In this study, although parents gave a lower score for all Generic QoL dimensions than children themselves, there was a significant moderate positive correlation between the two scores as well as a moderate agreement between them for all studied groups (controls, transplantation, and dialysis). A similar result found by Goldstein et al. in 2008 with a mild to moderate agreement between child and parent scores [17]. As well as, other study done by Kilis’-Pstrusinska et al. explained the better scores given by children with the possibility of their positive and temporal orientation of the life situation. As well as, parents are always thinking of the future difficulties and uncertainties [21]. This explanation is supported with the conclusion reached by Goldstein et al. and Buyan et al. about improvement of child and parent scores agreement as the child get older [8, 17].

Additionally, this study assessed the quality of life among ESRD cases (dialysis and transplantation) using a disease-specific questionnaire: PedsQLTM End-Stage Renal Disease Module. It was found that transplantation patients’ scores are significantly better than dialysis patients’ score regarding renal disease- and treatment-related problems. This result confirms that successful renal transplantation remains the primary goal of programs that care for children with ESRD [14].

Regarding parent correlation and agreement with child scores of ESRD module, it showed a moderate positive correlation between child and parent reports with excellent agreement within the transplantation group and a poor agreement within the dialysis group. This goes with Goldstein et al.’s study that showed a poor to moderate agreement between child and parent reports of ESRD module domains [17].

Strengths and limitations of this study. Investigating both the child and his parent using a validated Arabic PedsQLTM Inventory version 4 is considered a strength of this study. Having matched controls is another point of strength. However, this study has some methodological limitations; as completion of QoL questionnaire was done in-center dialysis unit for dialysis patients, so the surrounding environments of dialysis may have influenced the child or parents’ responses.

5. Conclusion and Recommendations

It is quite evident in this study that ESRD affects negatively all life dimensions including physical, social, emotional, and school functioning as well. And this raises the need to introduce quality of life assessment as a part of pediatric ESRD management. As well as, careful monitoring, adjusting life obstacles, or immunosuppression therapy adjustment may have a role to improve QoL more among this group.
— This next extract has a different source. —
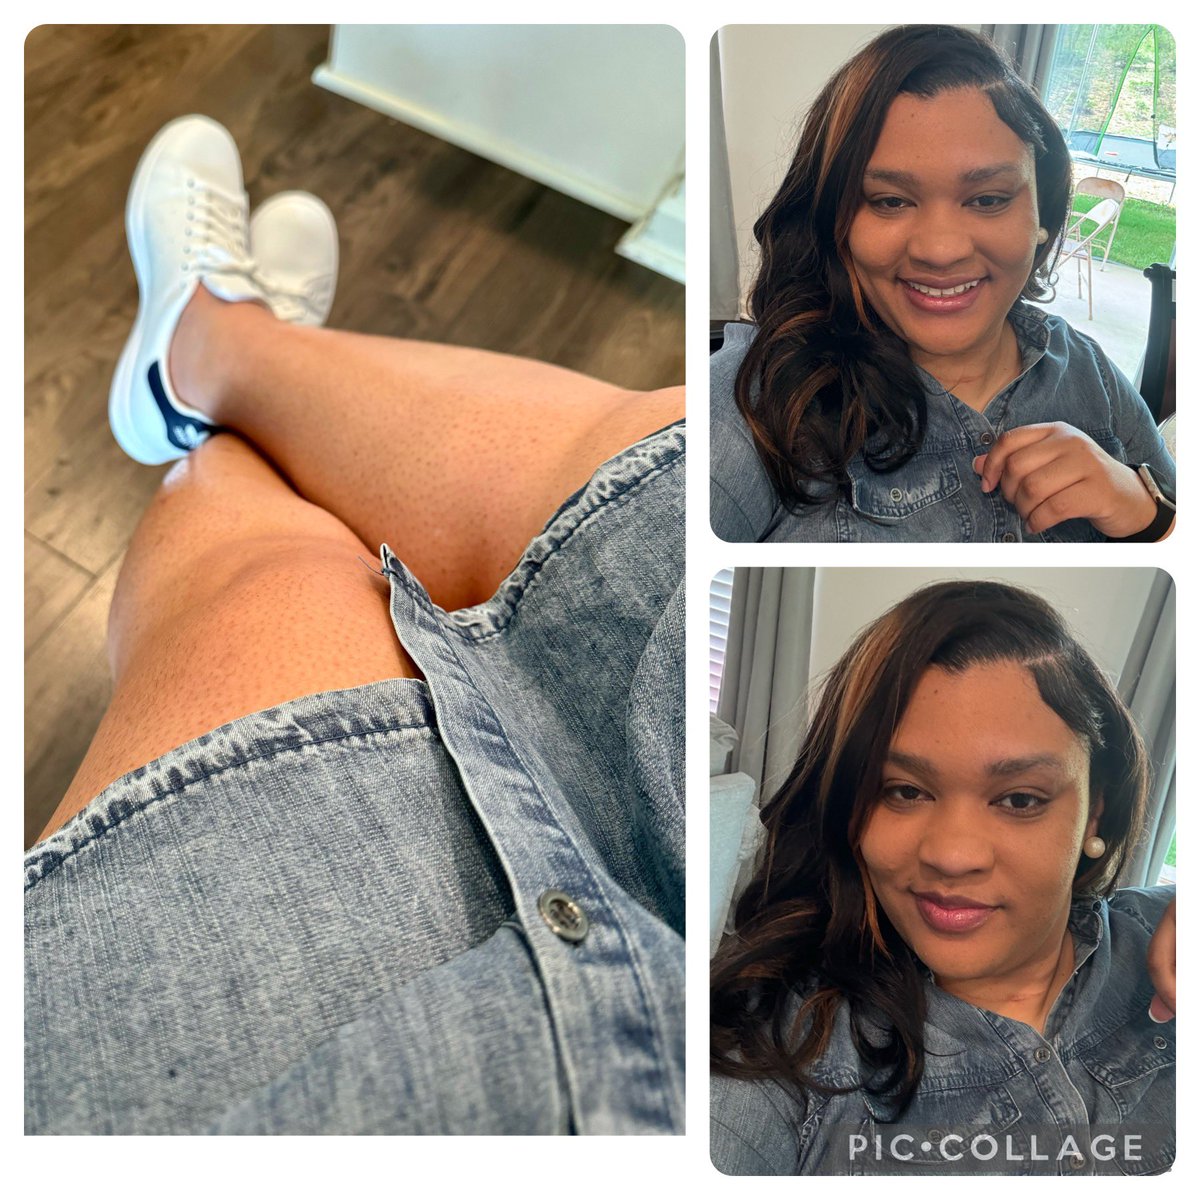 Just out here AAUing supporting my son son. ♥️I’m rocking my Adidas today.  #3stripes #GameElitevsEverybody! 🏀 #Landrewcrew #sportsmom

Quality of life assessment is a primary subjective matter. So whenever the person of concern is available, it is better to be asked. But in certain situations, if the child was too young to answer, mentally affected, or clinically cannot give answers, parents would be a good option for obtaining a child’s quality of life prospection as there is a moderate to good agreement between child and parent scores; as well as, there is a positive moderate correlation between them.

It is recommended that(i)Management of pediatric ESRD must include QoL assessment and management.(ii)The Generic PedsQL Inventory version 4 is a good tool for quality of life assessment among Egyptian children.(iii)PedsQL End-Stage Renal Disease-specific module is appropriate to use among children with end-stage renal diseases for assessing the impact of disease condition on their quality of life.(iv)Although there is a correlation between parent-proxy and child report scores for assessing the quality of life, it is better to ask both parent and child himself to get a comprehensive image of quality of life.(a)Special school tutorial programs must be developed for children with chronic kidney disease to improve school achievement.(b)Further studies on national or multicentric level should be conducted to develop a special program for quality of life improvement.

Data Availability

Data of both the Generic and ESRD PedsQL used to support the findings of this study are available from the corresponding author upon request.

Conflicts of Interest

The authors declare that they have no conflicts of interest.